» **Task instructions**
Each line below from the "Lustige Käfer aus" line through the "地デジチューナー 16番組同時視聴 16分割" line, those two included, must be restated word for word; the pictures must not be.
BEGIN Record extracts
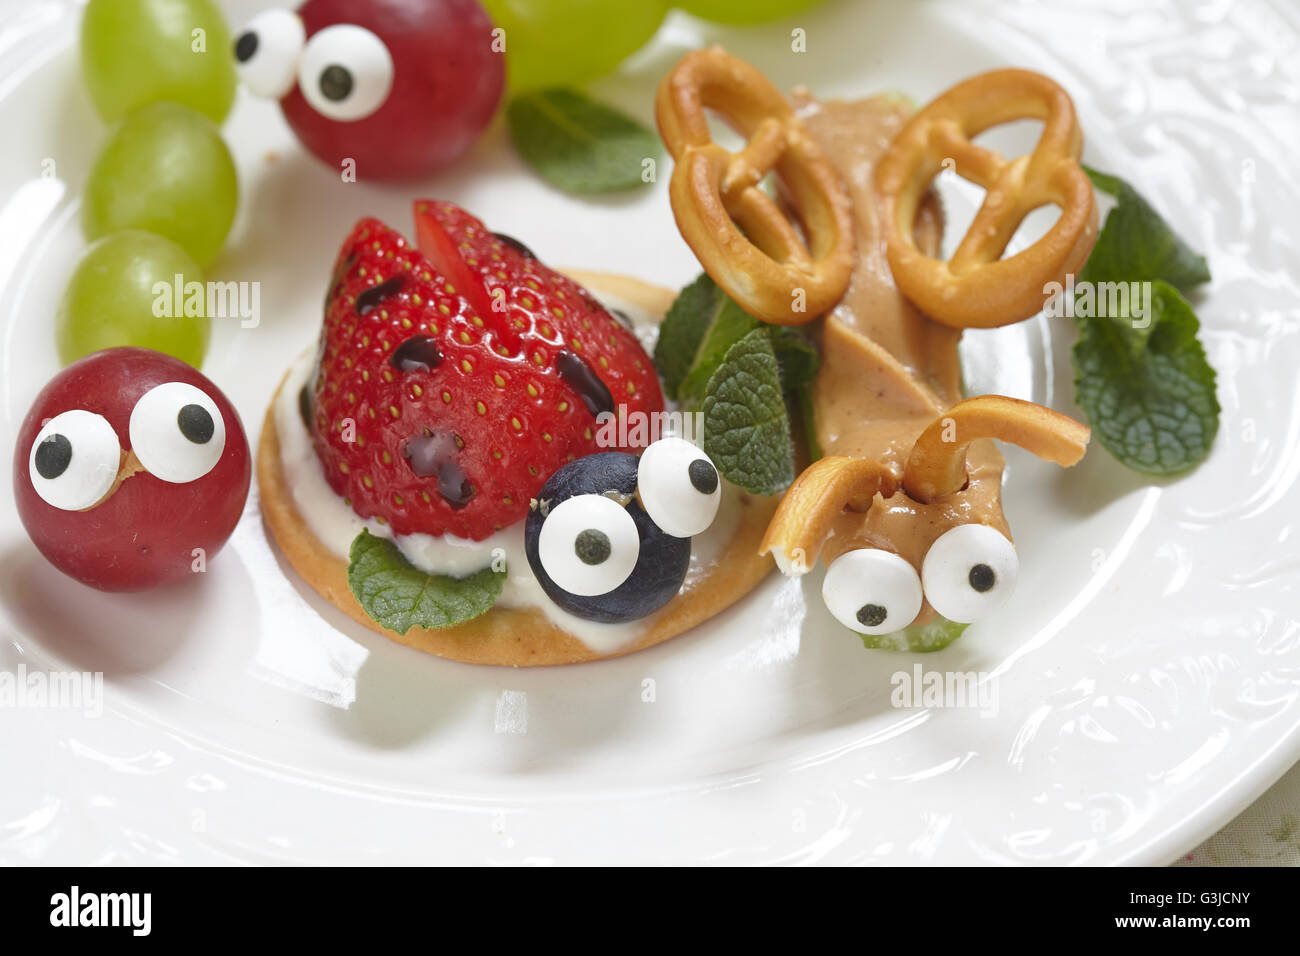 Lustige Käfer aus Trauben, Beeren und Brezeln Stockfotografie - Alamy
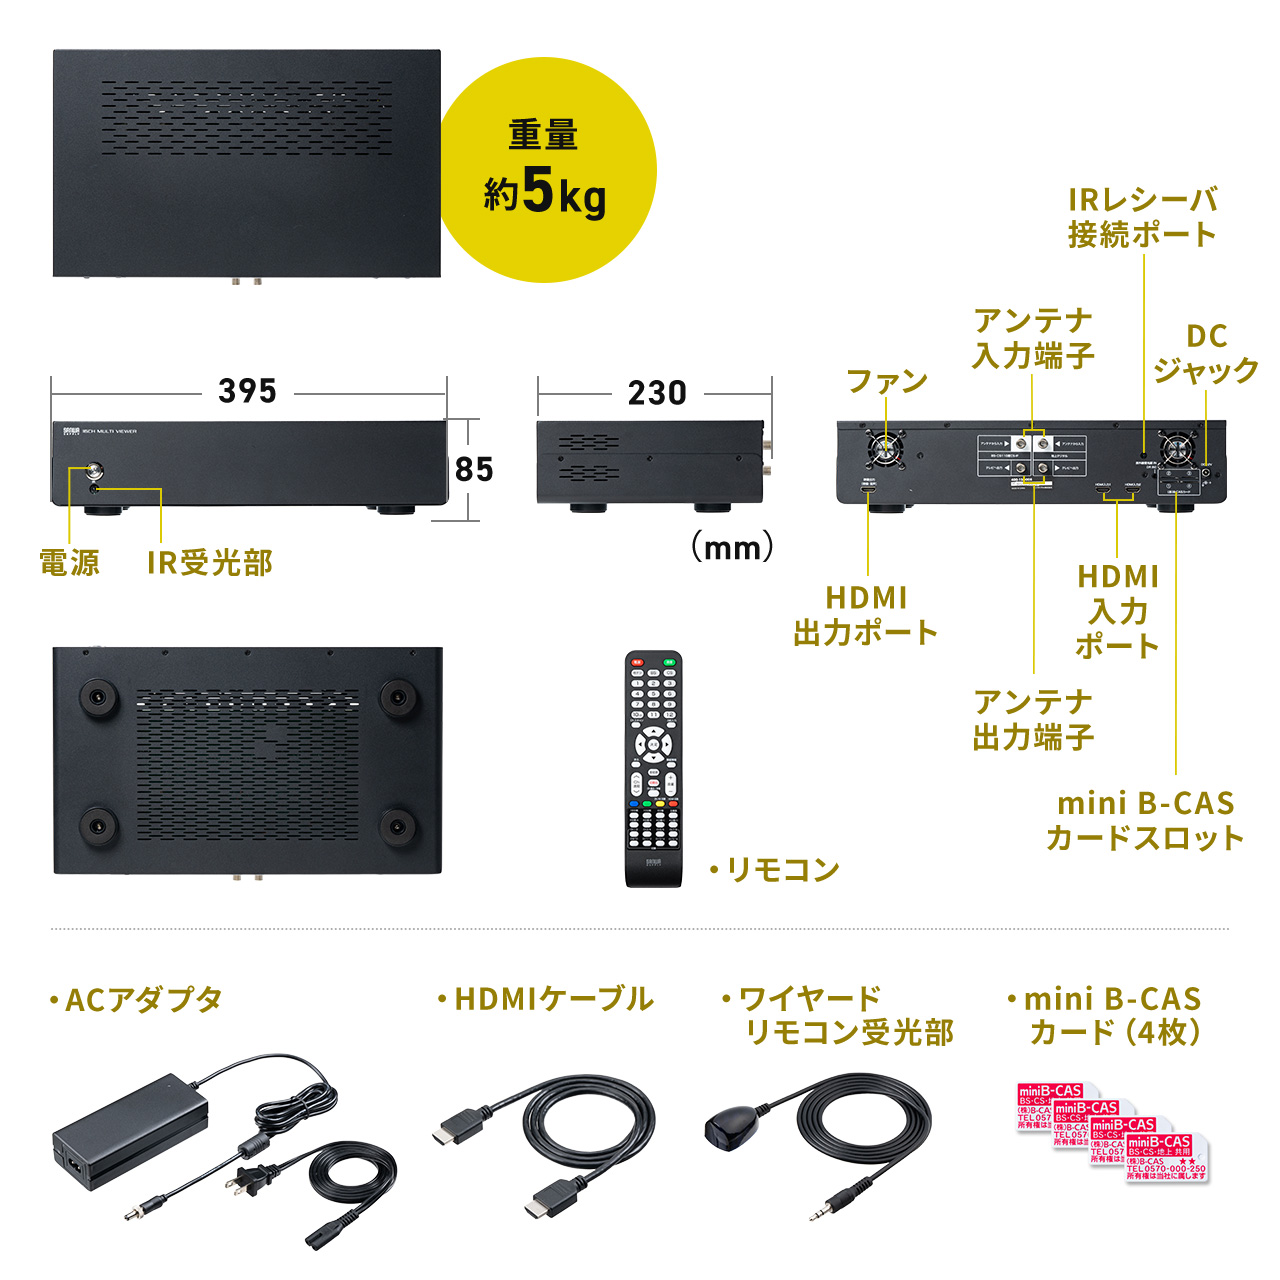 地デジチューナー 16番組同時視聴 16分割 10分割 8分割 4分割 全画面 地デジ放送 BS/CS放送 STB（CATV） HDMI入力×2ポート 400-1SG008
END Record extracts
BEGIN Record extracts
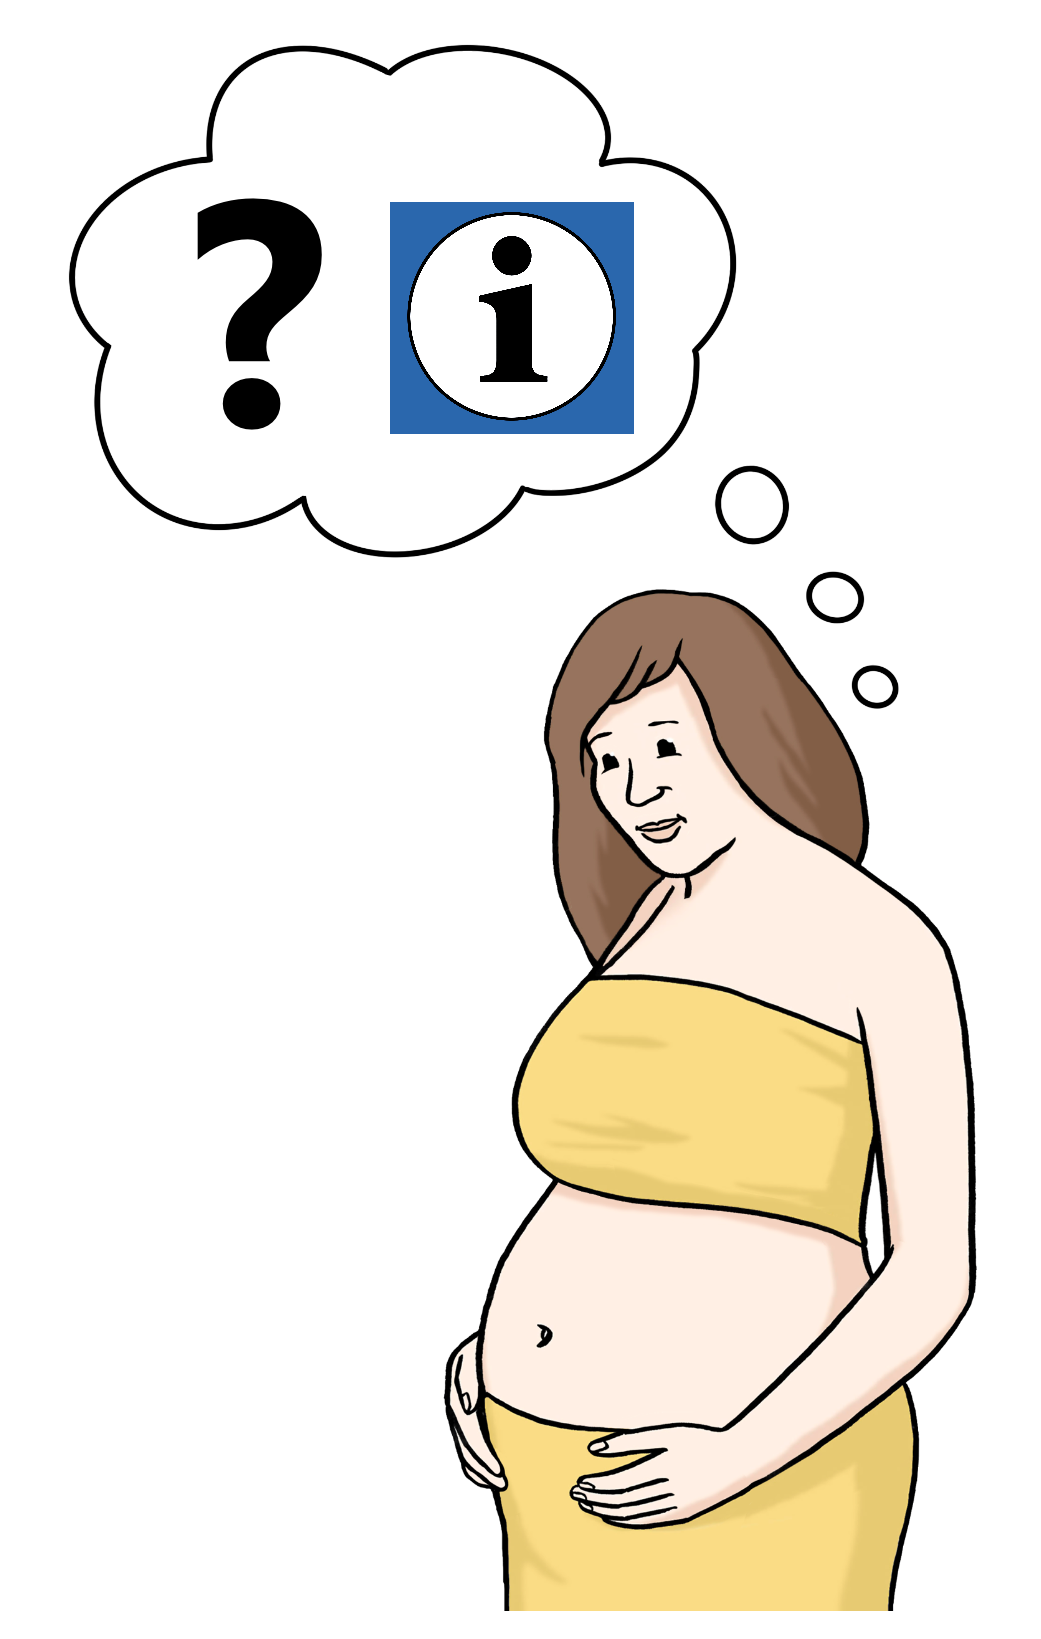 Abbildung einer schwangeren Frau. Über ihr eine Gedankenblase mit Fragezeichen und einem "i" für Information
END Record extracts
BEGIN Record extracts
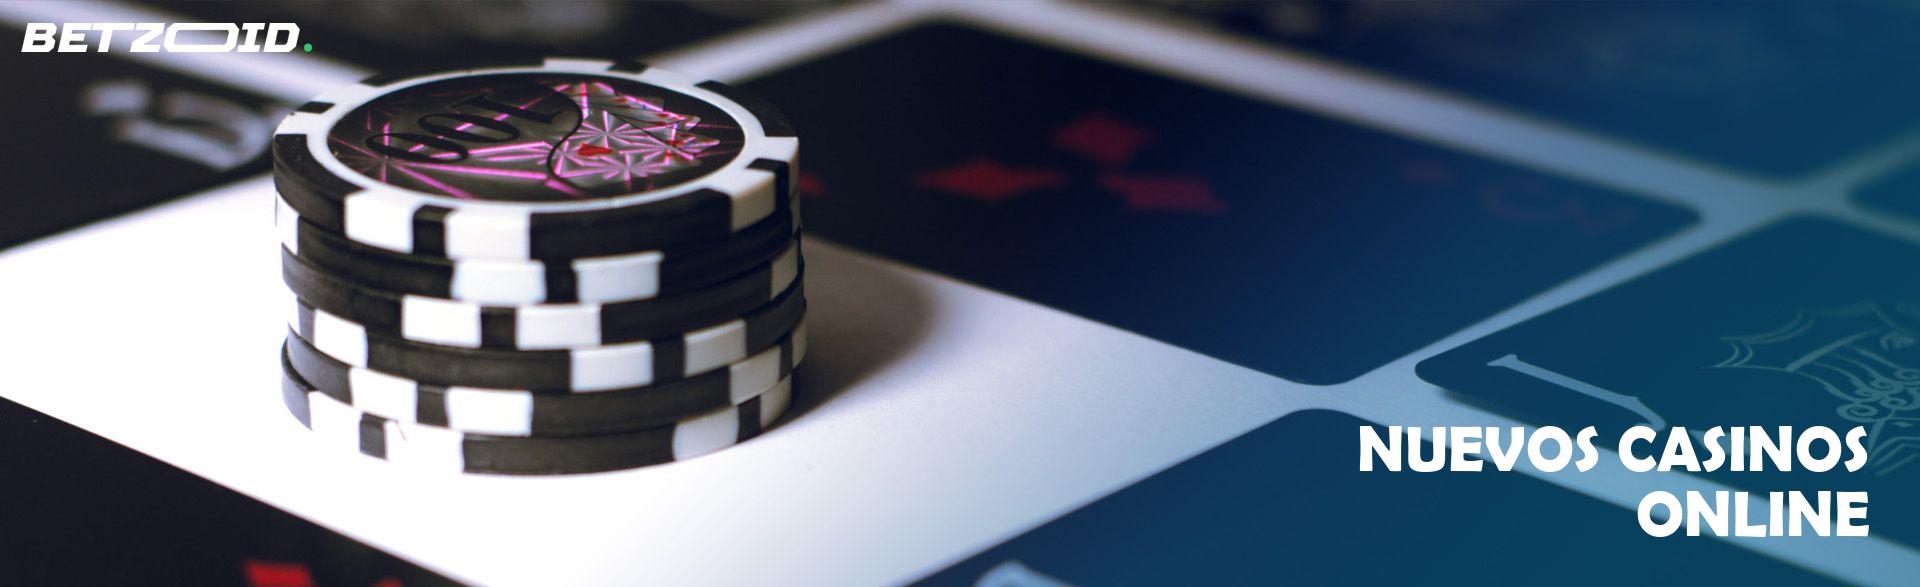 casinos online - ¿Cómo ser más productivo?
END Record extracts
» **Output for this task**
 Lustige Käfer aus Trauben, Beeren und Brezeln Stockfotografie - Alamy
 地デジチューナー 16番組同時視聴 16分割 10分割 8分割 4分割 全画面 地デジ放送 BS/CS放送 STB（CATV） HDMI入力×2ポート 400-1SG008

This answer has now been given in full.